# Introducing a pacifier for 1 yr old?



## pelirroja (May 9, 2008)

I've just finally joined this discussion board after reading it for a while. I have so many questions! Let's start with this one:

Have any of you tried introducing a pacifier for an older baby? My 1-yr old always nurses to sleep when she's with me (we co-sleep, and I nurse her in bed and sneak away after she's asleep). My dh used to get her to fall asleep in his arms and then put her into bed, but now she wakes up every time he tries to put her down. We're wondering if she would stay asleep if she were sucking. Do you think it would work? Would we be perpetuating a bad habit, and perhaps even make it worse? Any other thoughts on how to help dh get her down for a nap? Thanks!


----------



## alegna (Jan 14, 2003)

No way I'd introduce a pacifier at that age. It is biologically normal for her to nurse to sleep.

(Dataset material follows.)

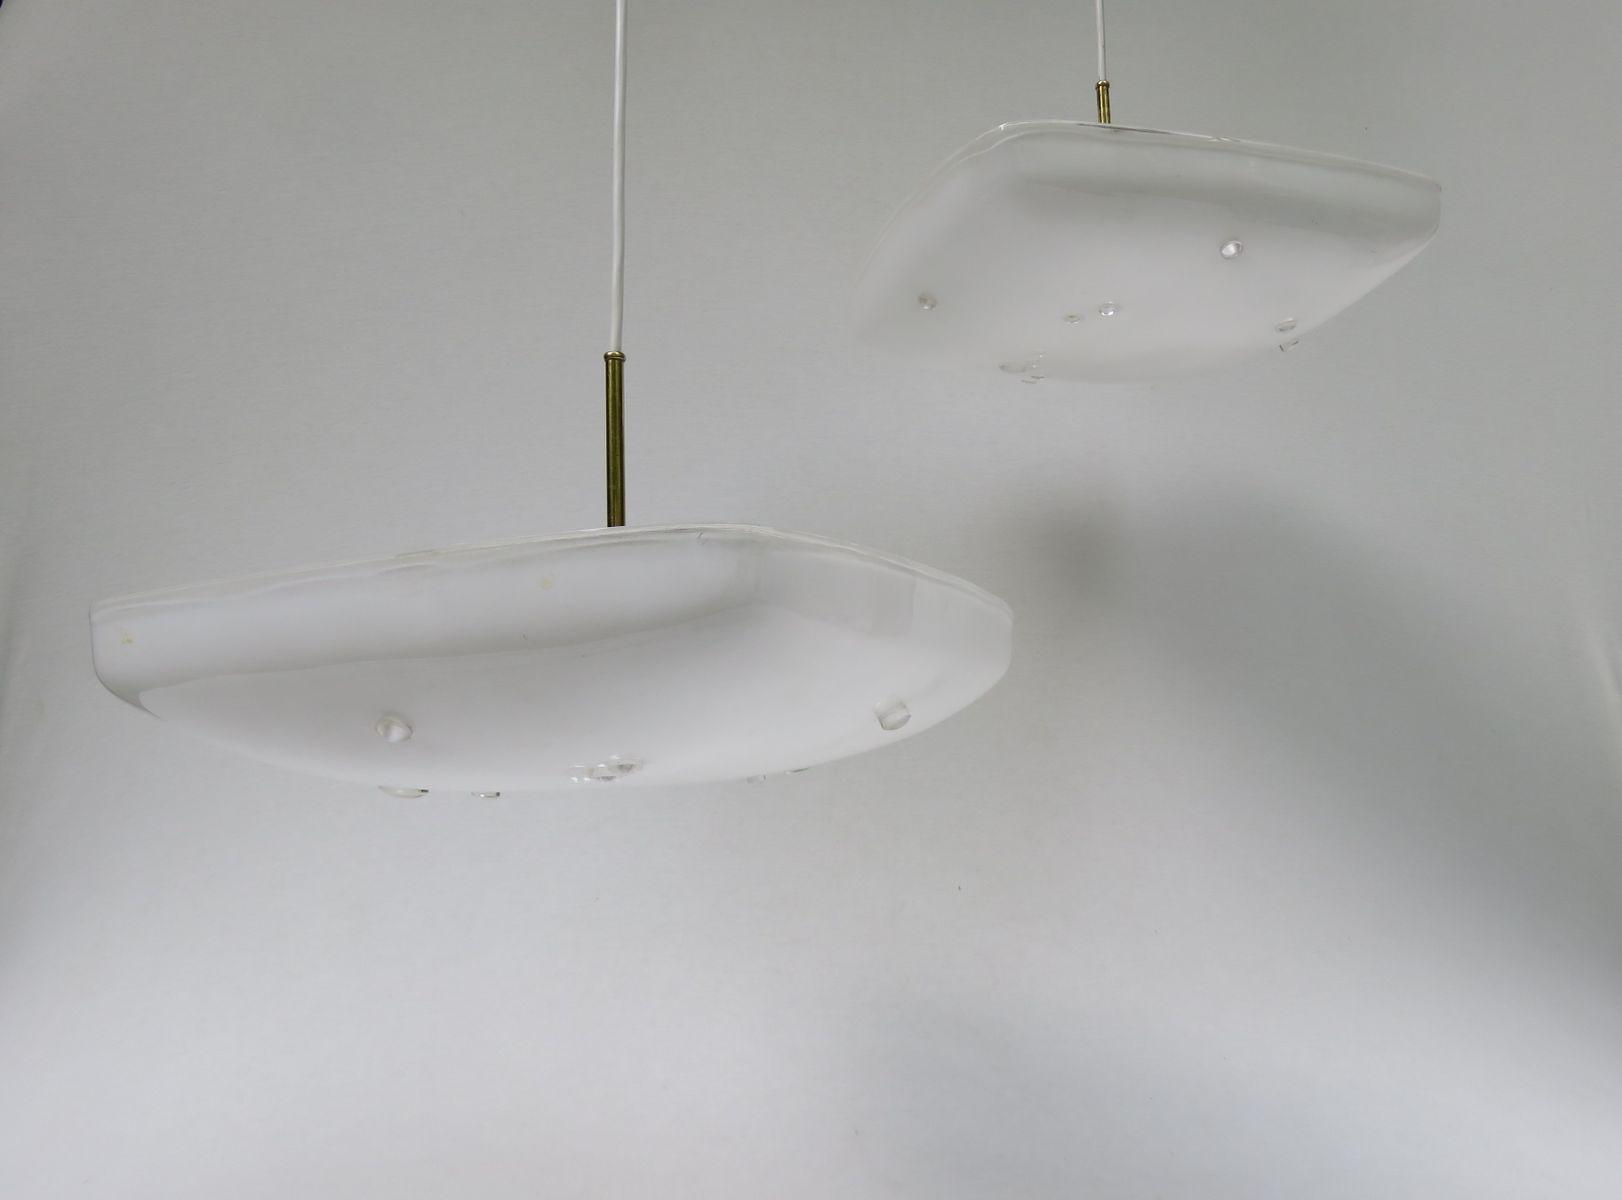 kaskaden deckenlampe mit zwei leuchten bei pamono kaufen. Black Bedroom Furniture Sets. Home Design Ideas

I would consider a pacifier for an infant with a high suck need. But I do not think it would be appropriate to introduce one that late without an extraordinary reason.

-Angela


----------



## readytobedone (Apr 6, 2007)

Quote:


Originally Posted by *alegna* 
No way I'd introduce a pacifier at that age. It is biologically normal for her to nurse to sleep.

I would consider a pacifier for an infant with a high suck need. But I do not think it would be appropriate to introduce one that late without an extraordinary reason.

-Angela

i will disagree. i don't see any harm in trying it. it probably won't work that late anyway, though.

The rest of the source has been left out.